- **Task objective**:
The whole listing below is to be copied exactly, with every picture left out.

- **Raw data**:
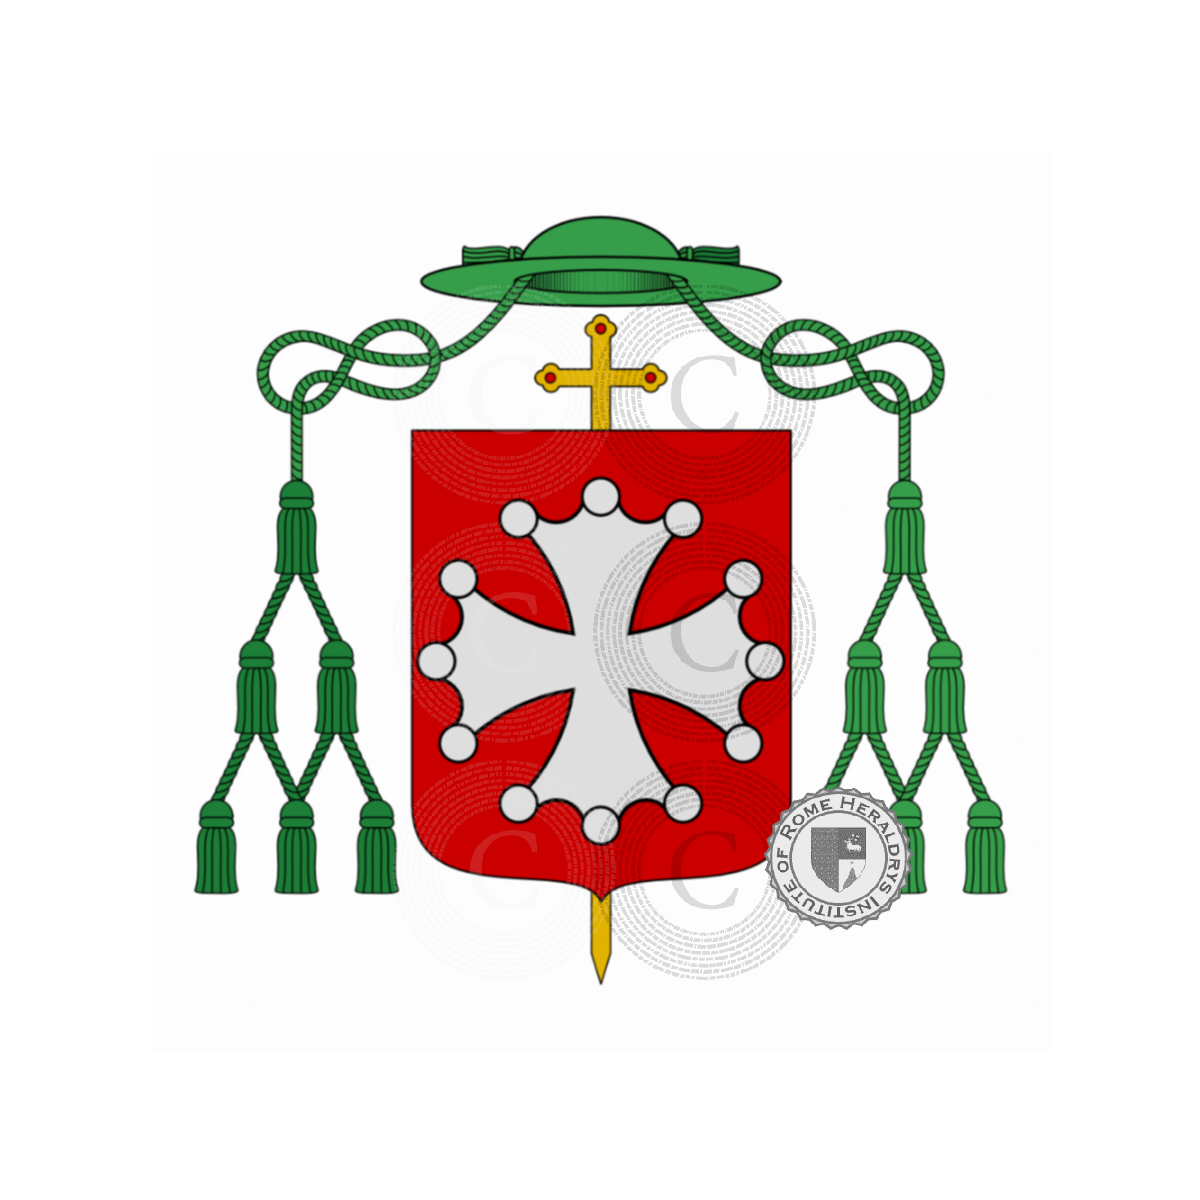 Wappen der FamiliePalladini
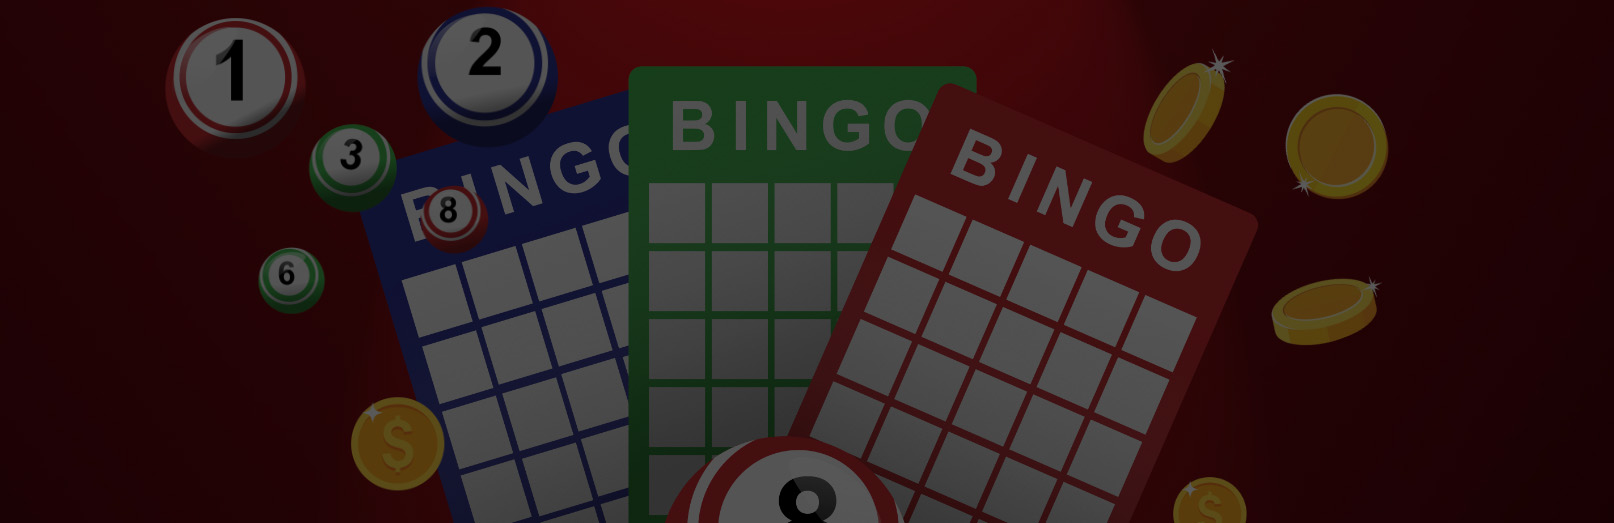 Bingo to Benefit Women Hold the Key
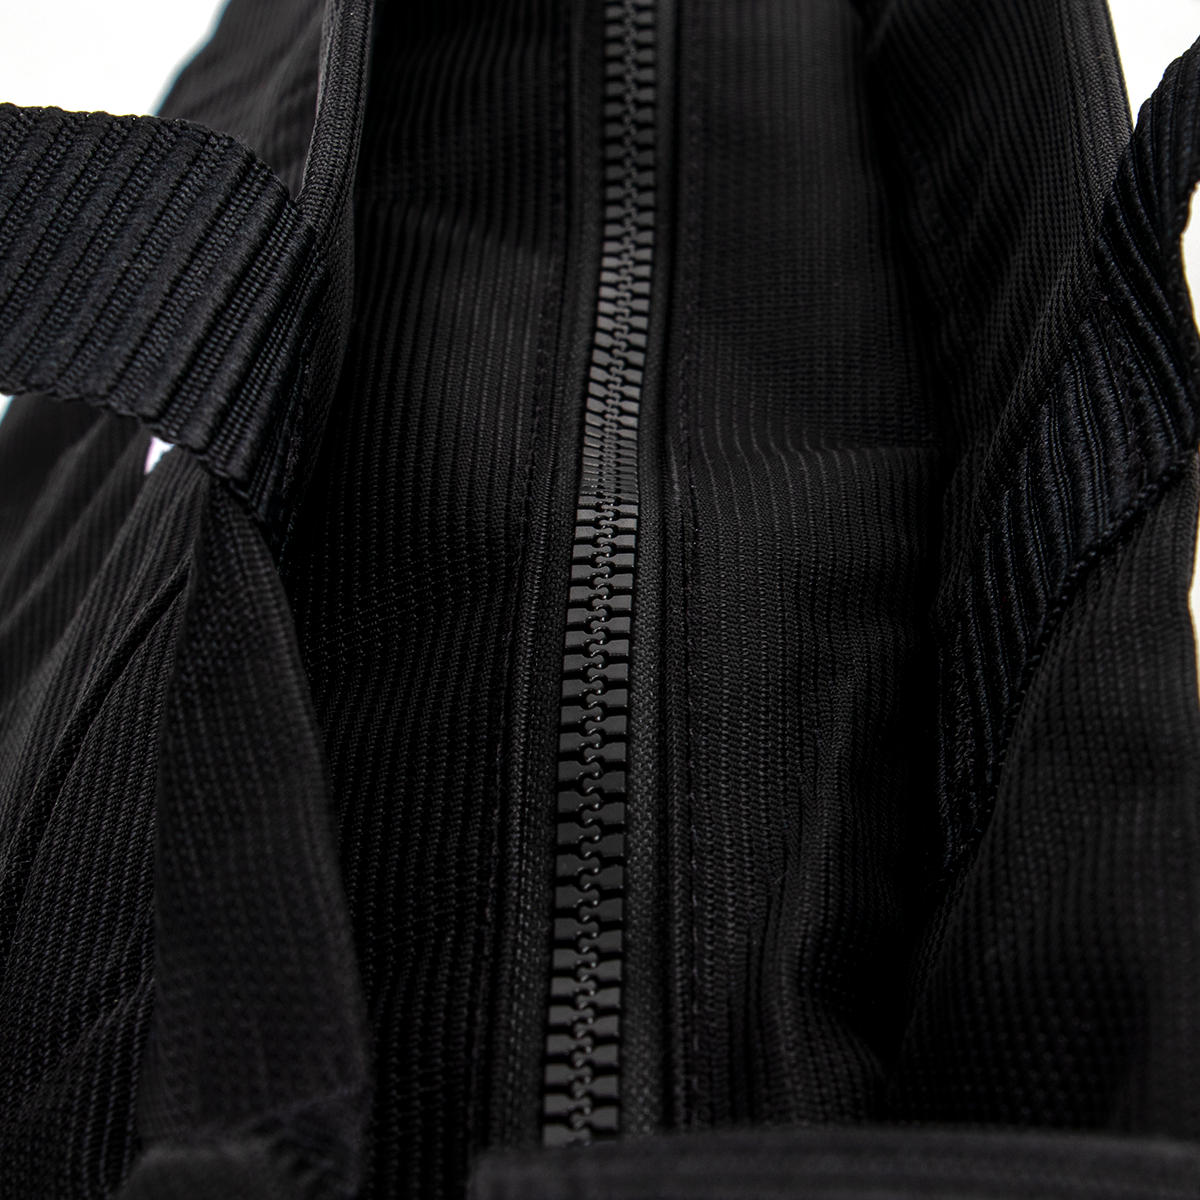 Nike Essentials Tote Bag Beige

- **Response**:
 Wappen der FamiliePalladini
 Bingo to Benefit Women Hold the Key
 Nike Essentials Tote Bag Beige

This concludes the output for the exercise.